# TASK DIRECTIONS
Line by line, the data below should be set down unchanged, with images excluded.

------ EXERCISE DATA

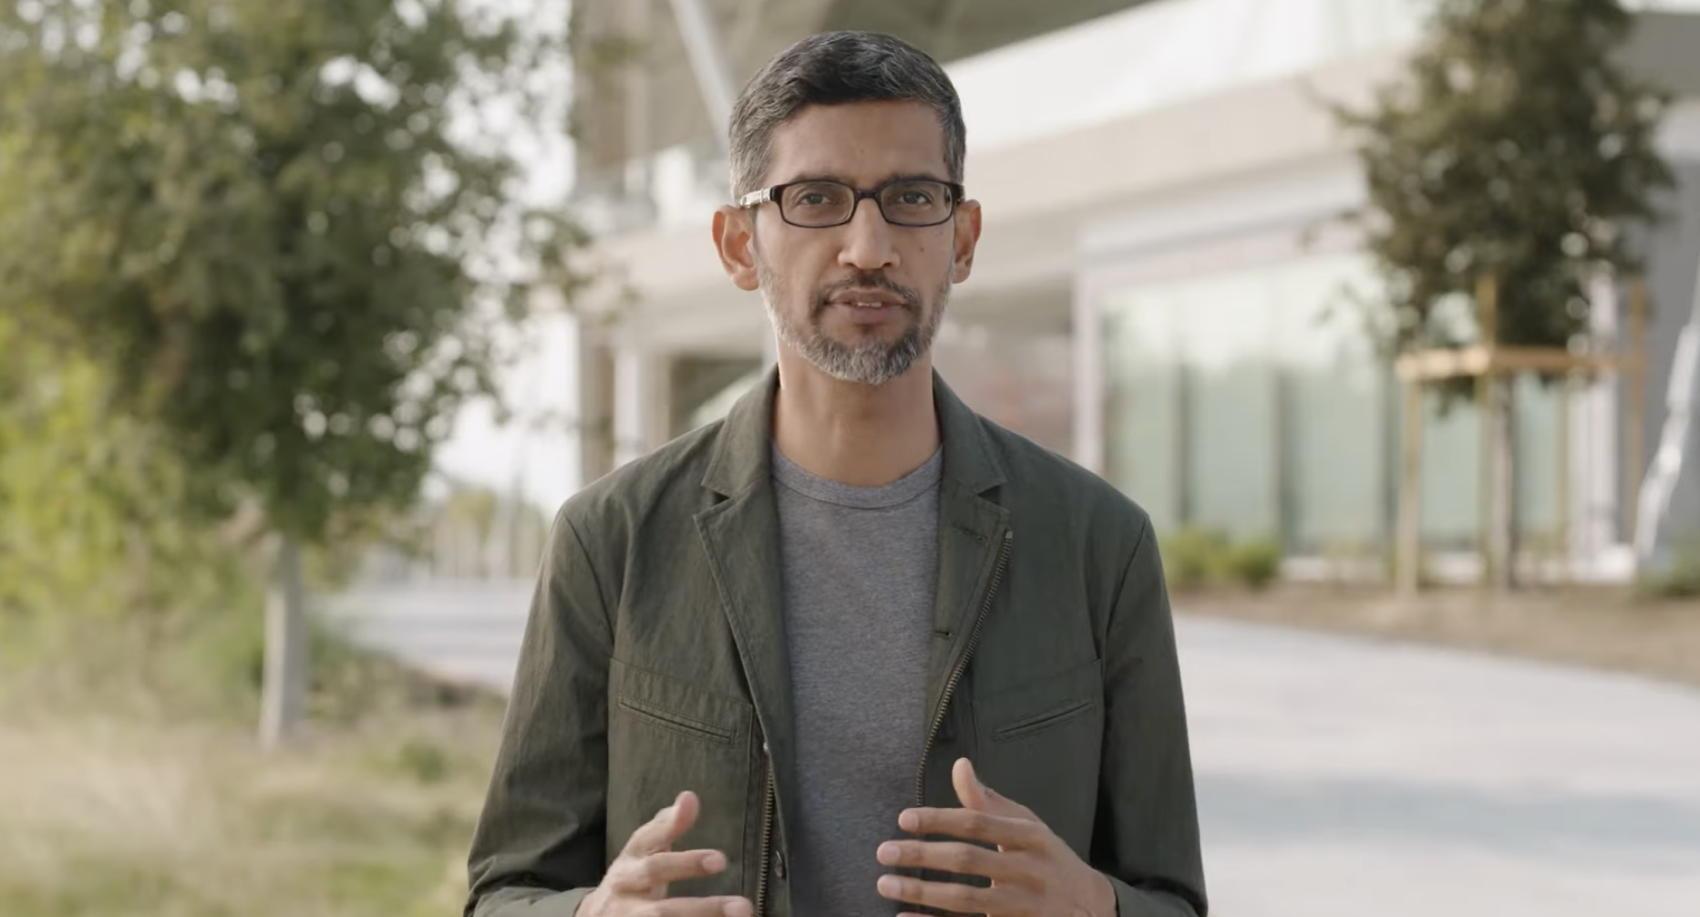 Google CEO Sundar Pichai - Google for Africa
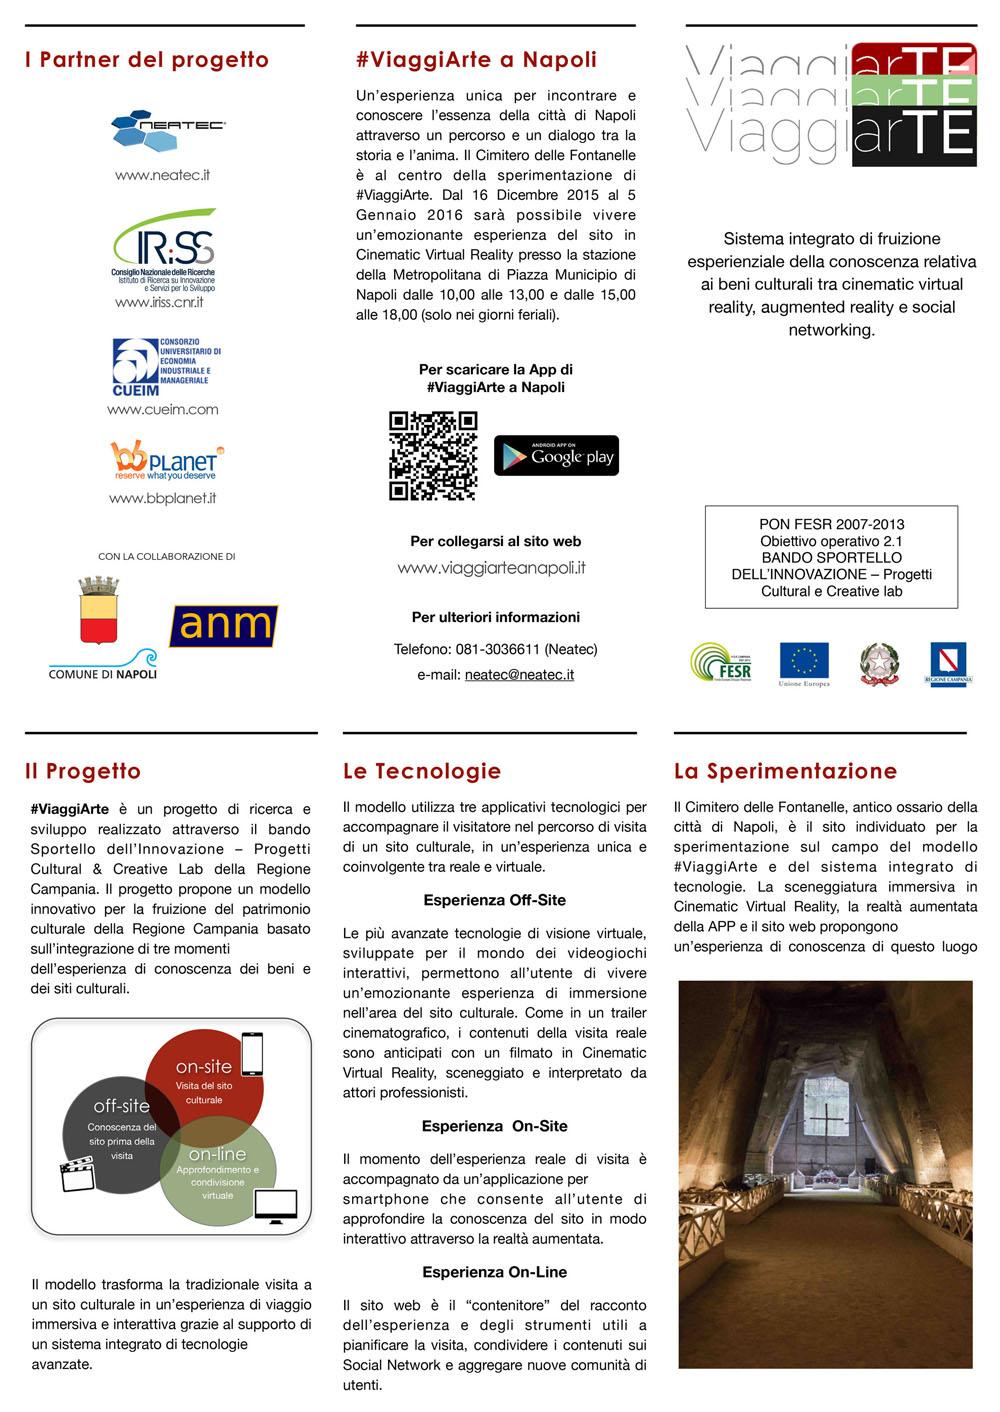 brochure_viaggiarte
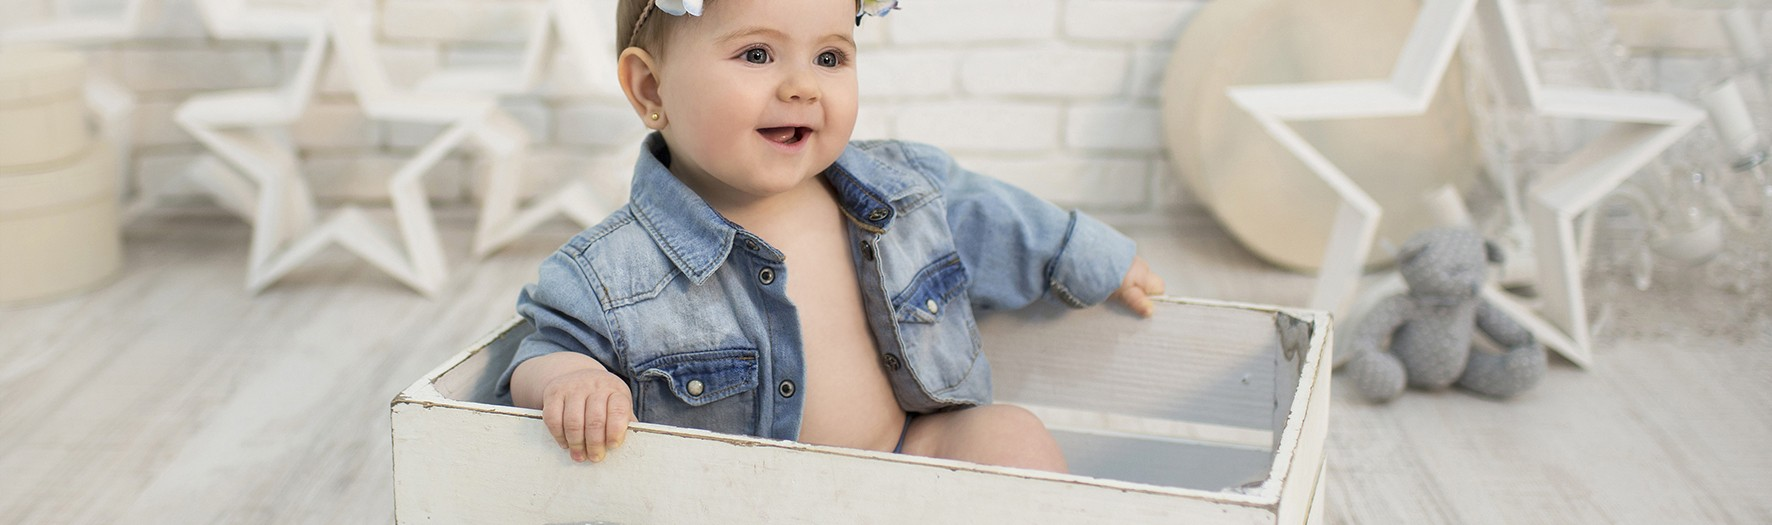 Fotógrafos de niños en Murcia + Fotos de bebés + Andrea + Silvia Ferrer.
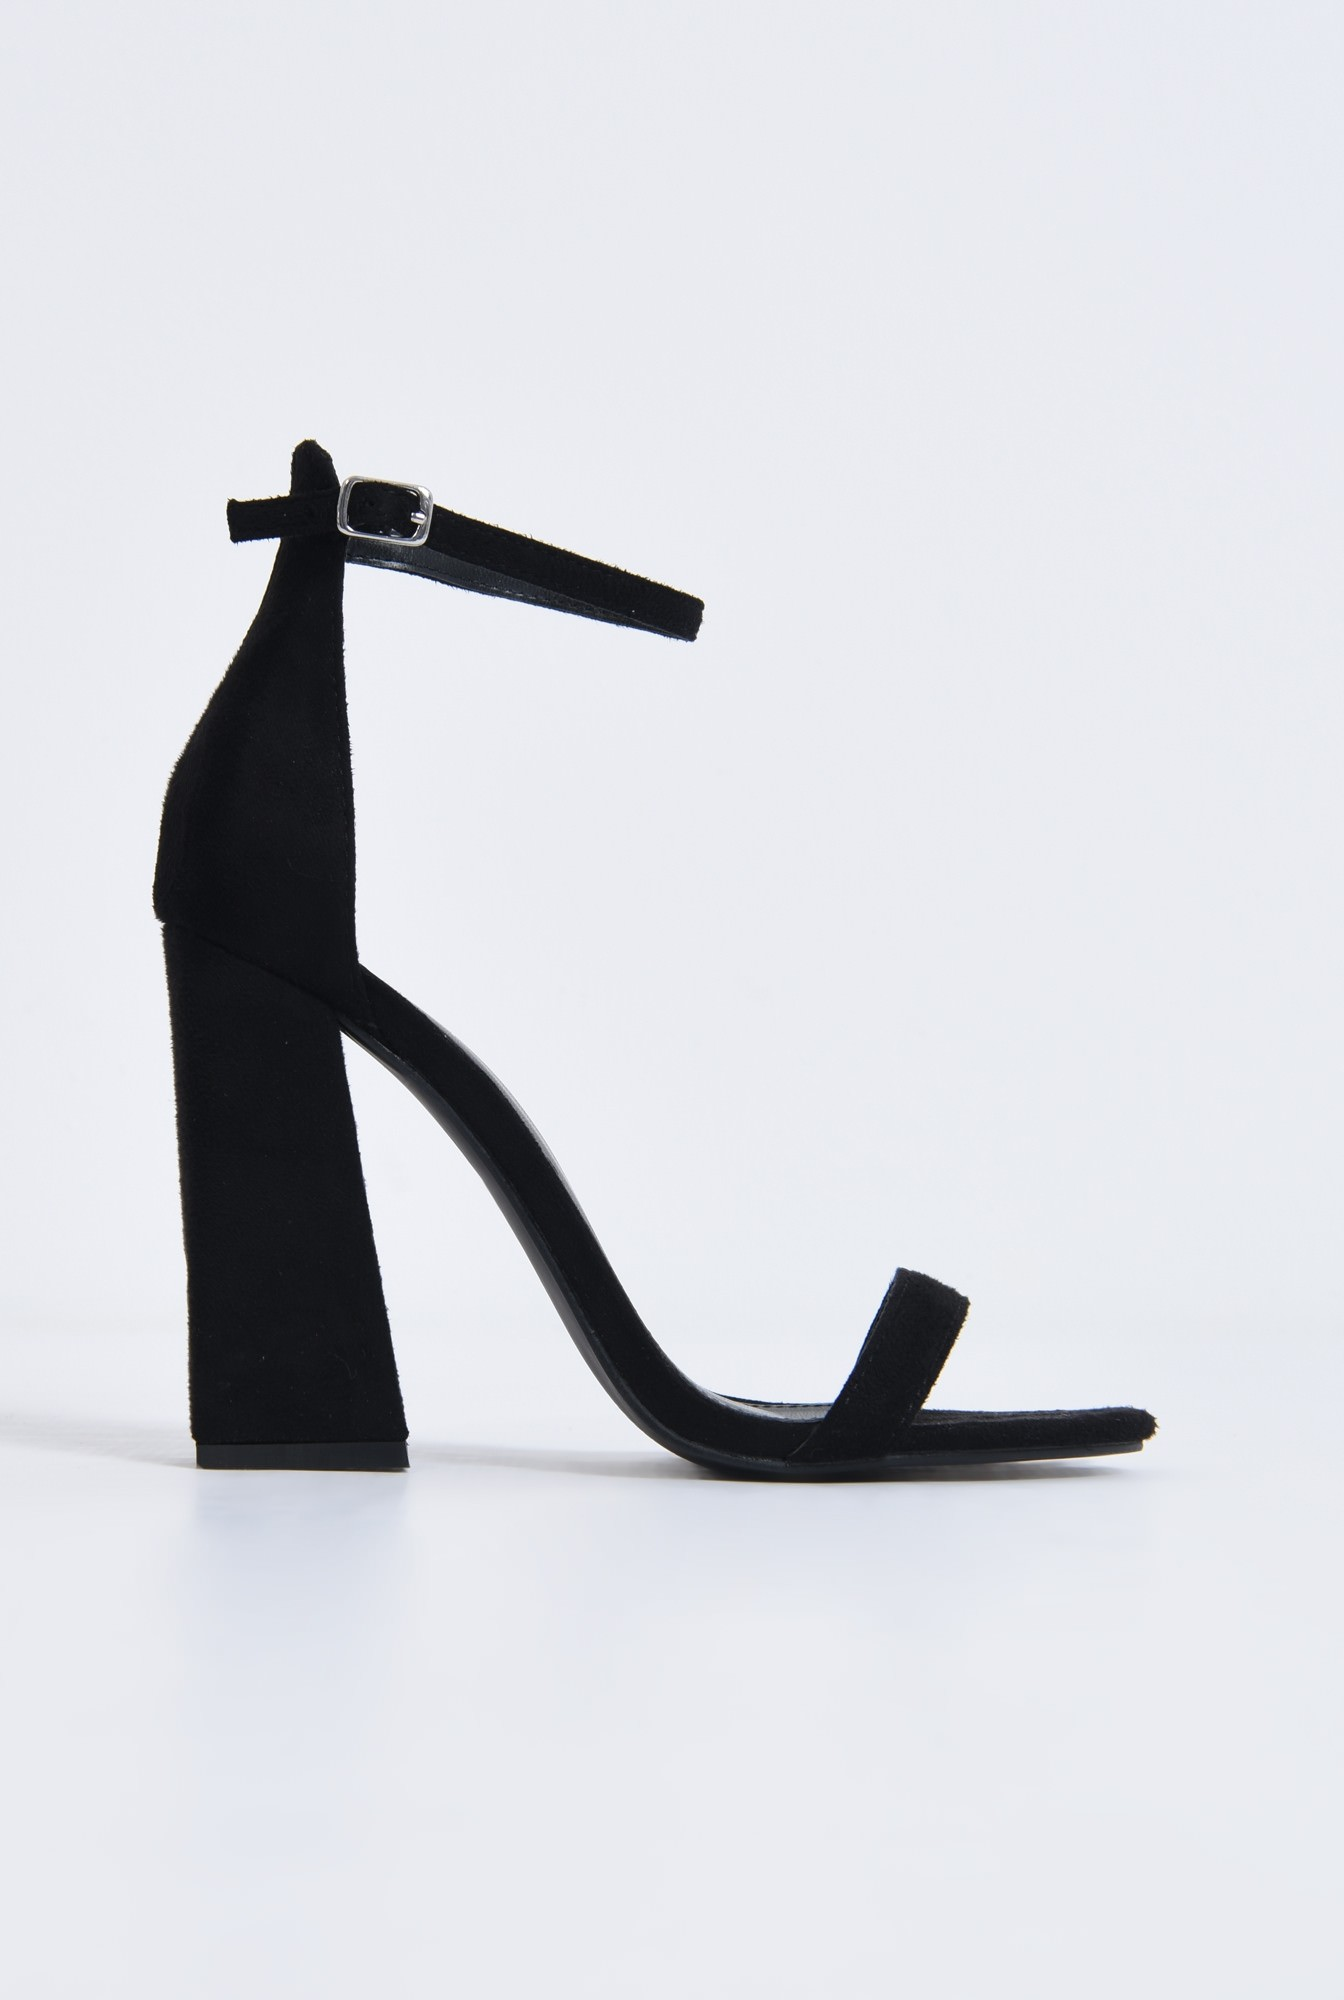 0 - sandale toc inalt, piele ecologica

------------

# OUTPUT
 Google CEO Sundar Pichai - Google for Africa
 brochure_viaggiarte
 Fotógrafos de niños en Murcia + Fotos de bebés + Andrea + Silvia Ferrer.
 0 - sandale toc inalt, piele ecologica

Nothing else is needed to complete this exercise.